Not sure where you got such an idea. No router/firewall works like that. That I have ever seen - and I have been working with routes and networking since before there was even IPs to route ;) There is either a route where to send the traffic per destination IP, or it is sent out the default route.
Sure if there are multiple routes for a destination, than route will be chosen based on the metric of the route.. But I have never seen anything like this route is "close" lets send traffic out that interface and see if it gets to where it wants to go. Guess not, lets send it out some other route ;)
-
I am unsure where you get that information but the destination IP does not reside in the current routing table. That is why the routing algorithm determine the next hop to pass it to. Using the default route (0.0.0.0) is a clear indication of missing route. Unless you know about a different RFC, I would love to read it.
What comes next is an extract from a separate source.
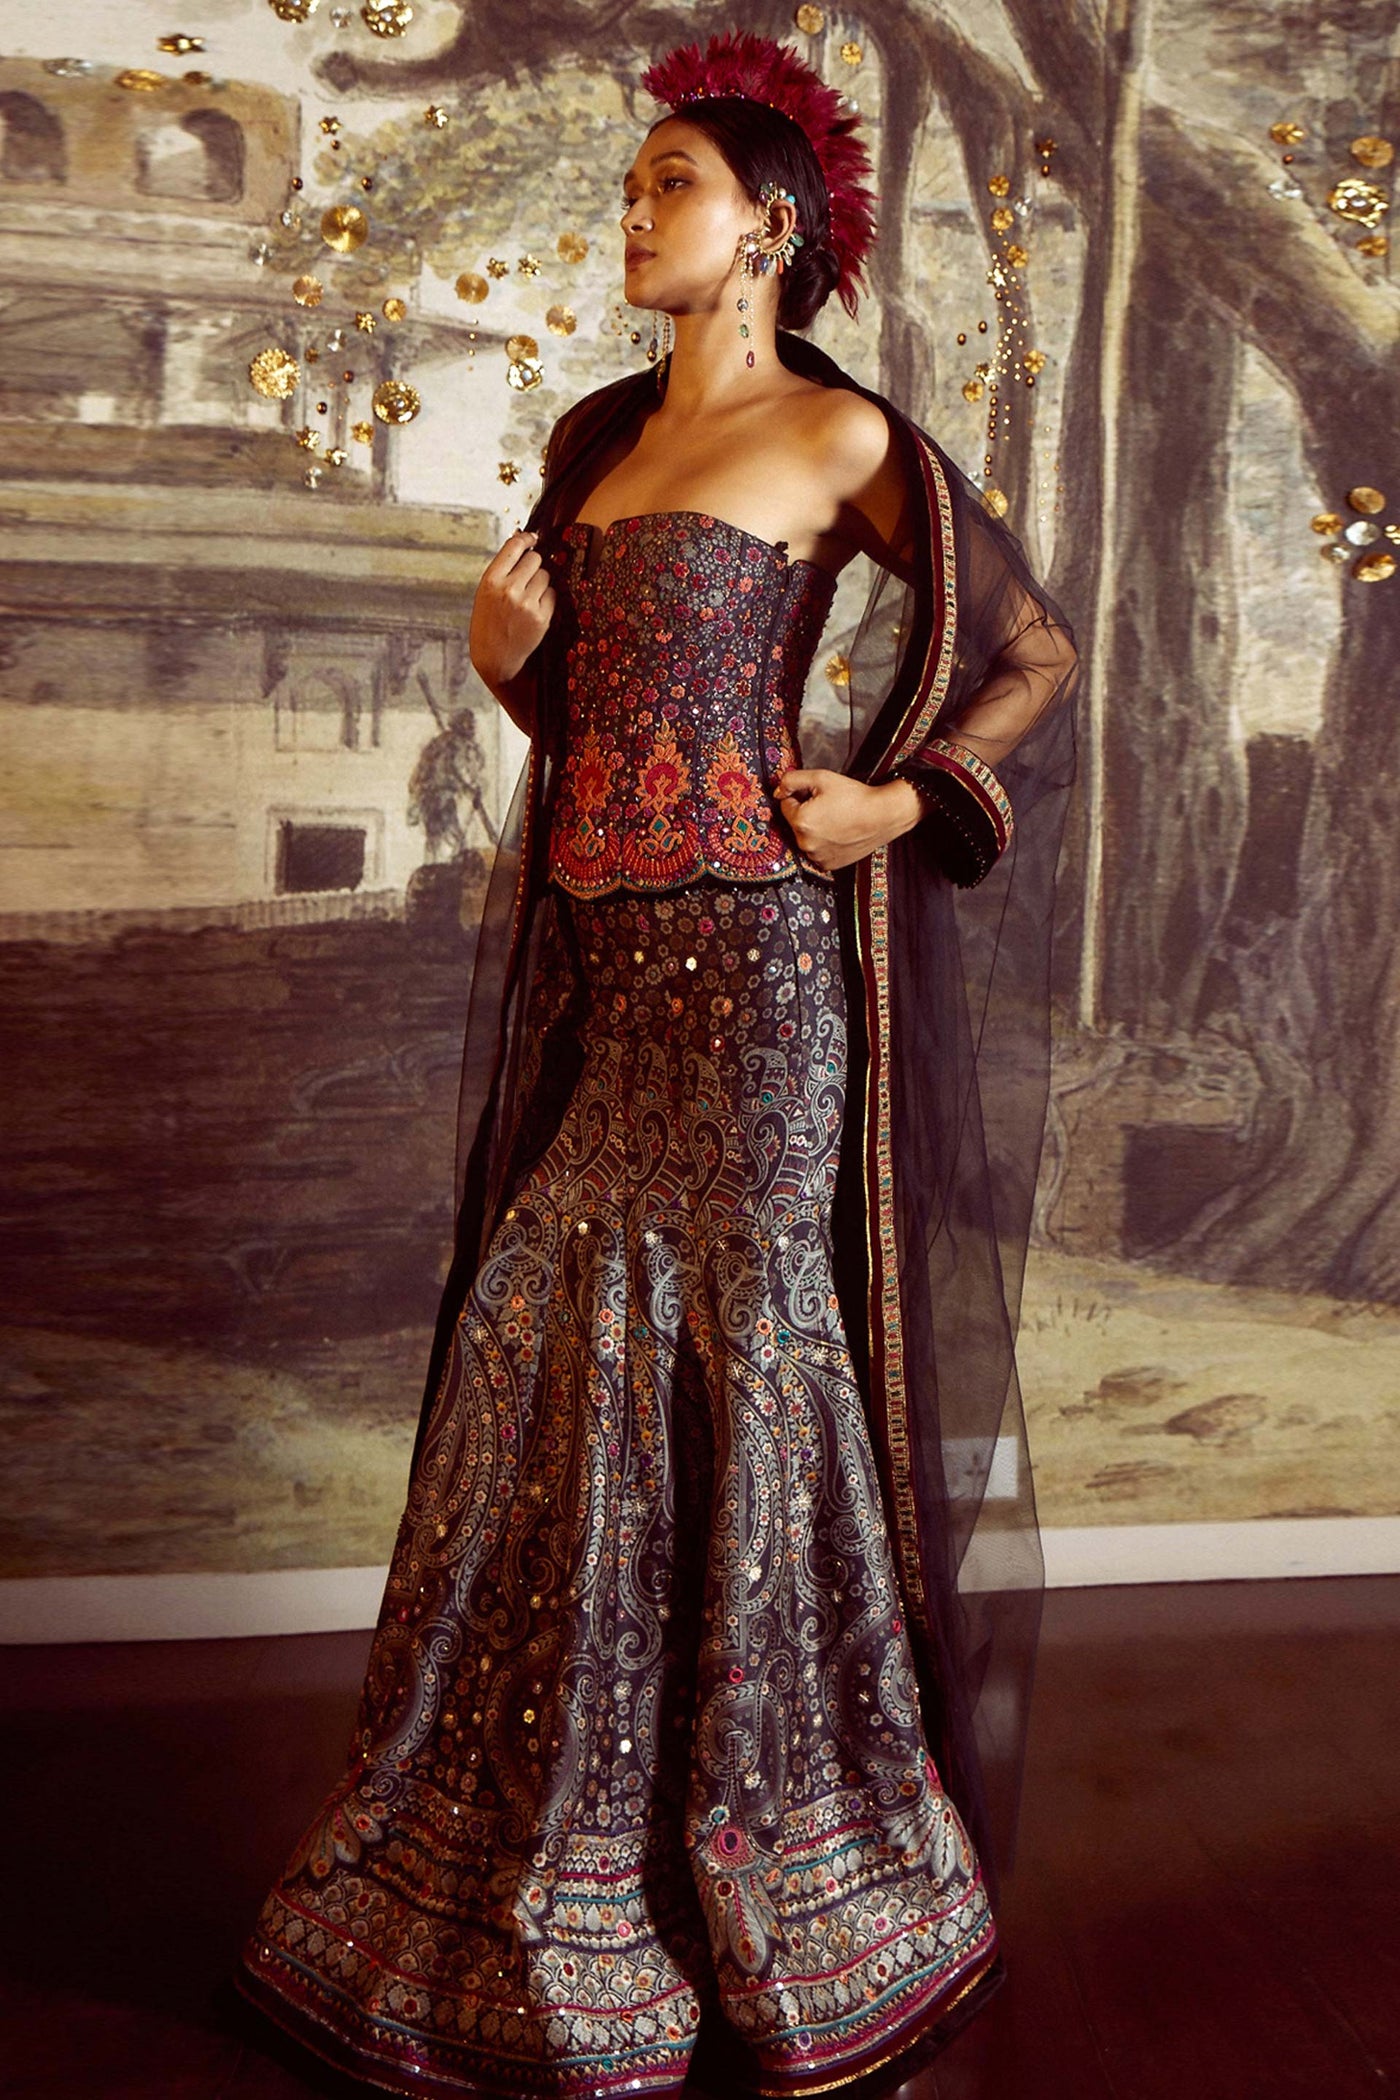 Tarun Tahiliani Panelled Printed Skirt With Aari Embroidery, Paired With Sheer Cape And Zardozi-Embroidered Corset Embellished With Fringes multicolor festive indian designer wear online shopping melange singapore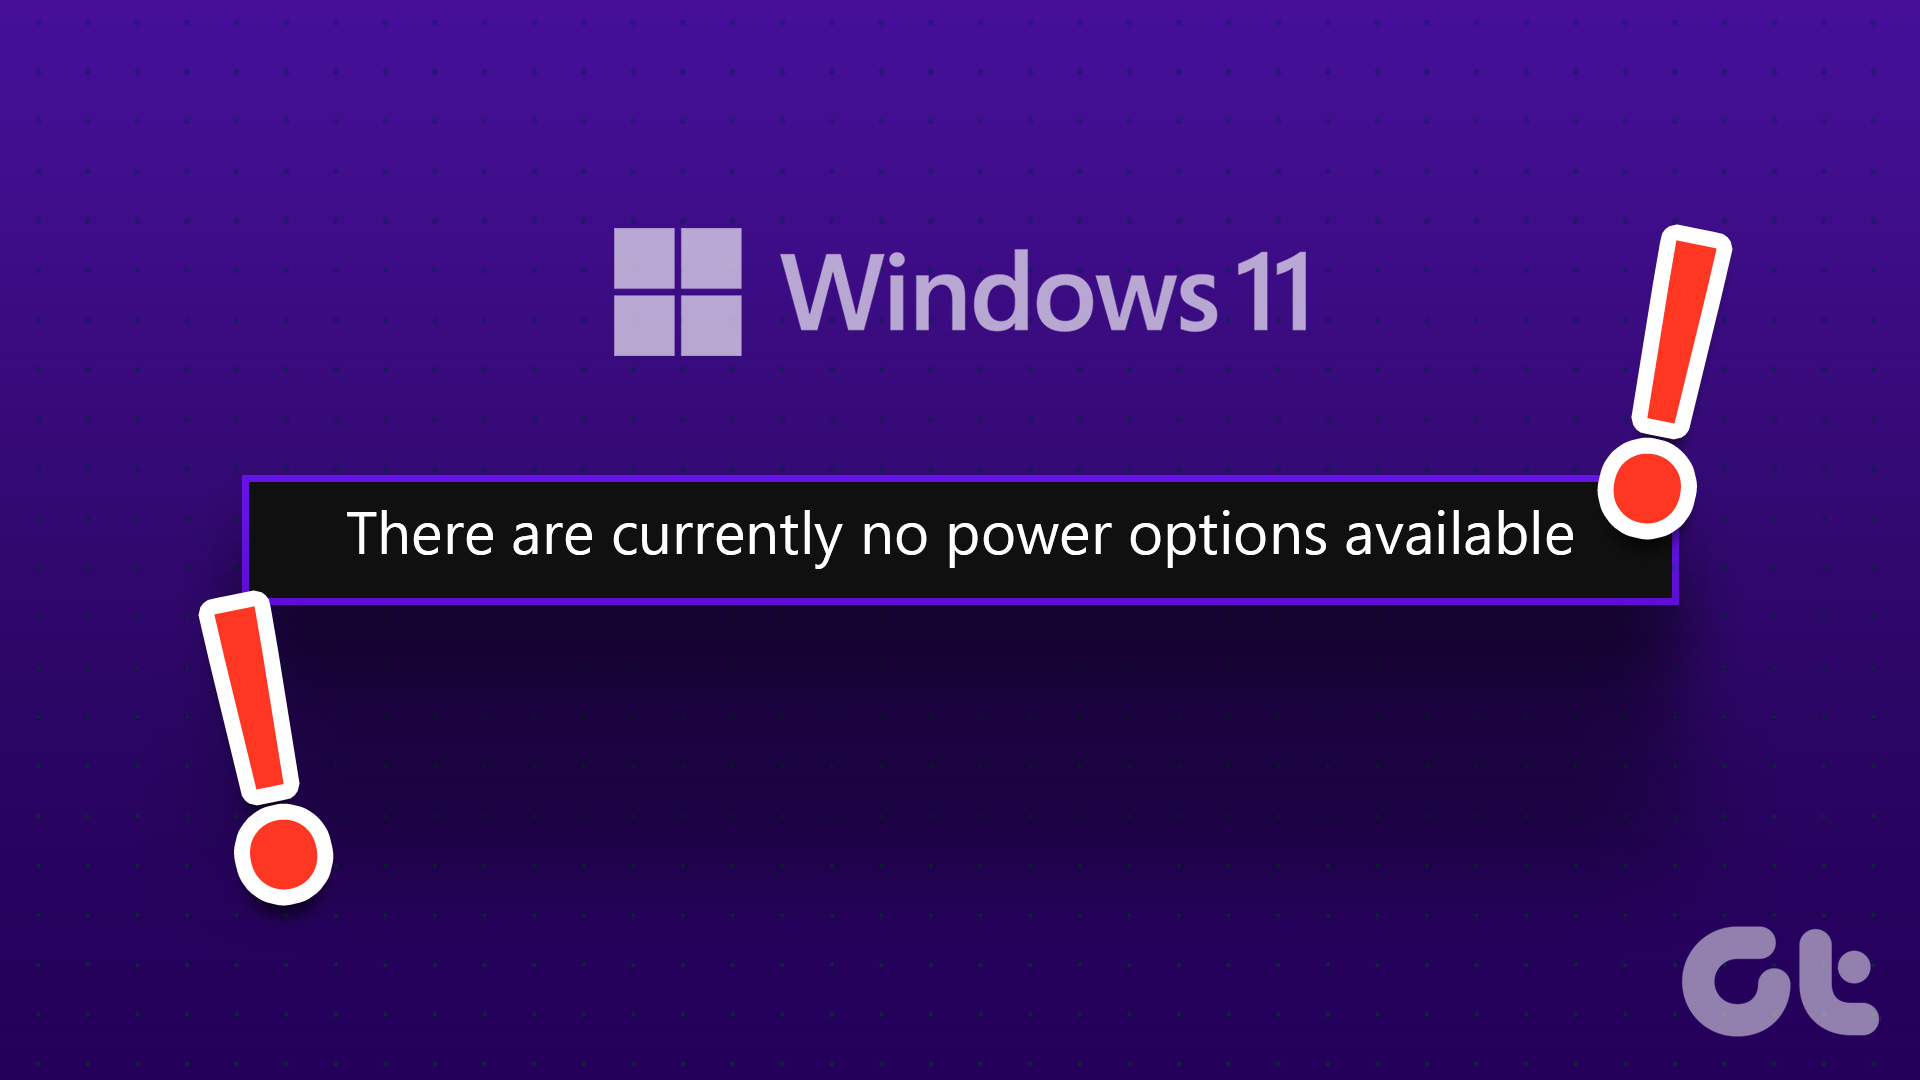 Fix There Are Currently No Power Options Available in Windows

Every device has its own routing table and no one single router has the entire routing table from source to destination. As I said, in a very over simplistic way. The packet is pass to best found route in the routing table, IP-to-interface. The packet is passed on that inter face which will send the packet to the next hop. This process is repeated until the packet gets to its destination. Over simplistic as well be support the point:
https://youtube.com/watch?v=MZ6xBkjjJrU&ab_channel=ISOTraininginsitute -
Feeling really silly and slow due to my findings....LOL
In any case, I would like to thank everyone for the responses and assistance provided.
After looking at the packet dump and analyzing the network I discover that Win10 was the issue. For some reason the FW was seeing Win10 out sequence and blocking the UDP:43 and TCP:S for TLS over 443/
Now the rules is set as previously presented and working wonderfully!!!
Thank you again guys, much appreciated!!!